I haven't been to Shirelys for _ages_  

But, last few times I went, few years back, it was fantastic, well recommended. Last time I went, they didn't have reps though, so shows how long ago it was. 

I tried to go again recently, and was told they'd shut down :gasp: Turns out it was one of the little minor outlet branches that had, I found out after :devil: The main Shirley and Oxford branches are still open.


----------



## photographymatt (Mar 6, 2006)

capester said:


> hi guys, I don't mind travelling to look at fish, going to BAS in Bolton a few times a year as well as travelling around the midlands. Thinking of going to shirley, is it worth a 100+ mile round trip? And how are the reps there, are they playing at it or do they have a decent selection? cheers


Im not a "fish guy" but I went last week and was impressed by the place overal. good selection of fish, nice helpful staff. I went for the reptile section, but had a look around while there.

hollybush nurserys has some good fish selection too. worth a look if your in the area.


----------



## Rain (Oct 9, 2007)

The rep section is pretty good now, a touch pricy on things, but such as is the case with some shops.
As for the fish, I'm not the biggest fish fan in the world, but it's a cracking place, lots of Koi and a good selection of cold, tropical and marines. I'd recommend going


----------



## dean04 (Jan 26, 2009)

Shirley is my local shop and I think its brilliant! Staff are helpfull and they have a really good selction of stuff [reps and fish]. I got my royal from there and she is gem, shes never missed a feed or anything.


----------



## Mosha (Mar 6, 2009)

I go to Shirleys alot with my little girl, she loves it and she thinks its a mini Zoo! 
They have a large selection of fish, more coldwater and tropical and have probably one of the biggest selections of reps ive seen in rep shops. 
Last time we went we came away with 2 coldwater fish, Shirleys were selling them for 20p each as they had a 70th anniversary, the fish are still alive and growing fast! 
Worth going if you live in the midlands but 100+ mile trip is a bit steep, but each to their own :2thumb:


----------



## jartok (May 13, 2009)

Sounds like a nice shop im only just outside solihull shame i cant drive or i would go there

- just checked im only 6 miles from there think ill hop on bus


----------



## Shiraz (Oct 26, 2008)

Shame it would be a 200 mile round trip for me as otherwise would pop in there for a look.


----------



## capester (Oct 18, 2007)

thanks guys, sounds like I'll be taking a trip down!


----------



## snickers (Aug 15, 2007)

Shirley Aquatics is quite good. More for fish than reptiles. A bit pricey maybe. Sometimes they have really good offers. Enthusiastic staff.

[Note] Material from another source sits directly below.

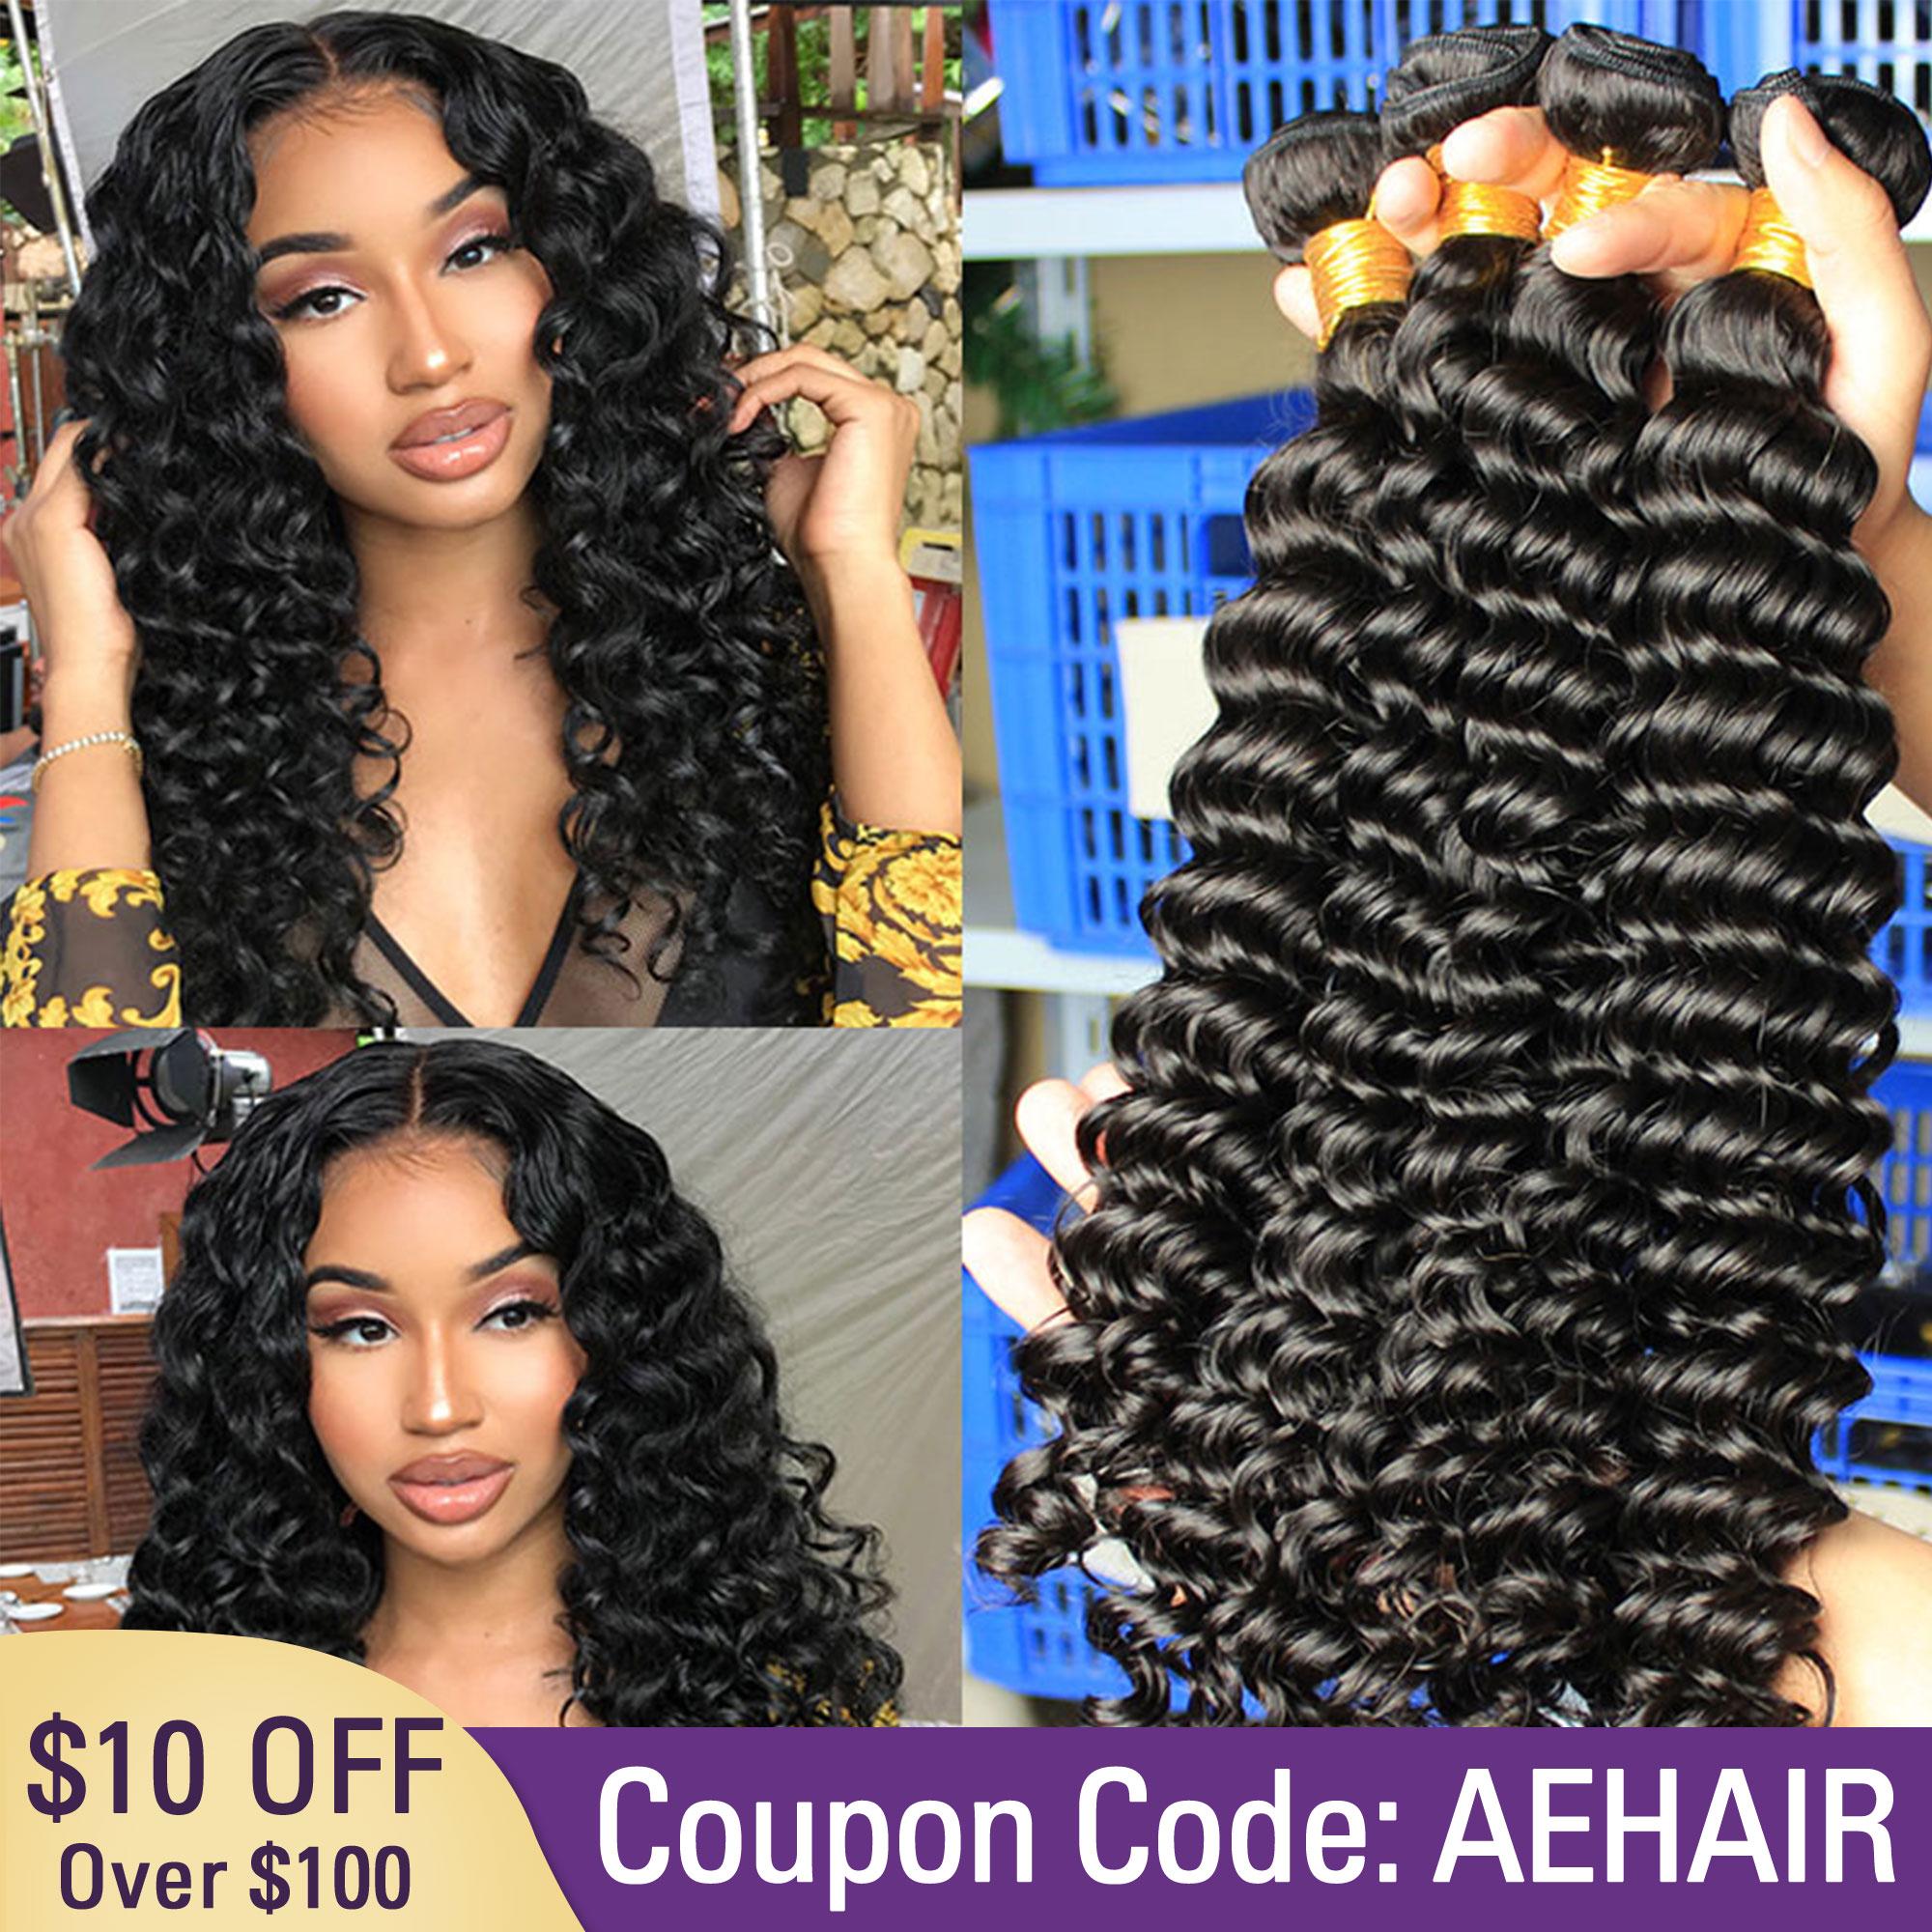 Deep Wave Human Hair Bundles With Closure Hair Extensions Brazilian Virgin Hair Weave Bundles Loose Curly Ever Beauty Product

However if you are on an outing you MUST find time to go to "tropical waters" in acocks green. The front section is for 'bread and butter' fish, but the fishroom out the back is something else, and worth every mile of the trip especially if you like cichlids and 'oddities'. Give the reptile section a miss though.


----------



## Rachael Grace (May 4, 2009)

Shirley is an excellent shop cant speak highly enough of Nathan and Katie on the rep section. Would say that they get very busy at the weekends and you will struggle to get to speak to them properly. Would say thursdays a good bet usually quiet always time for a good natter. The oxford branch has more reps Im told but its never a problem to order stuff you want or find out if they are having something in in the future. Fish section cant be faulted staff all round in this place know their stuff.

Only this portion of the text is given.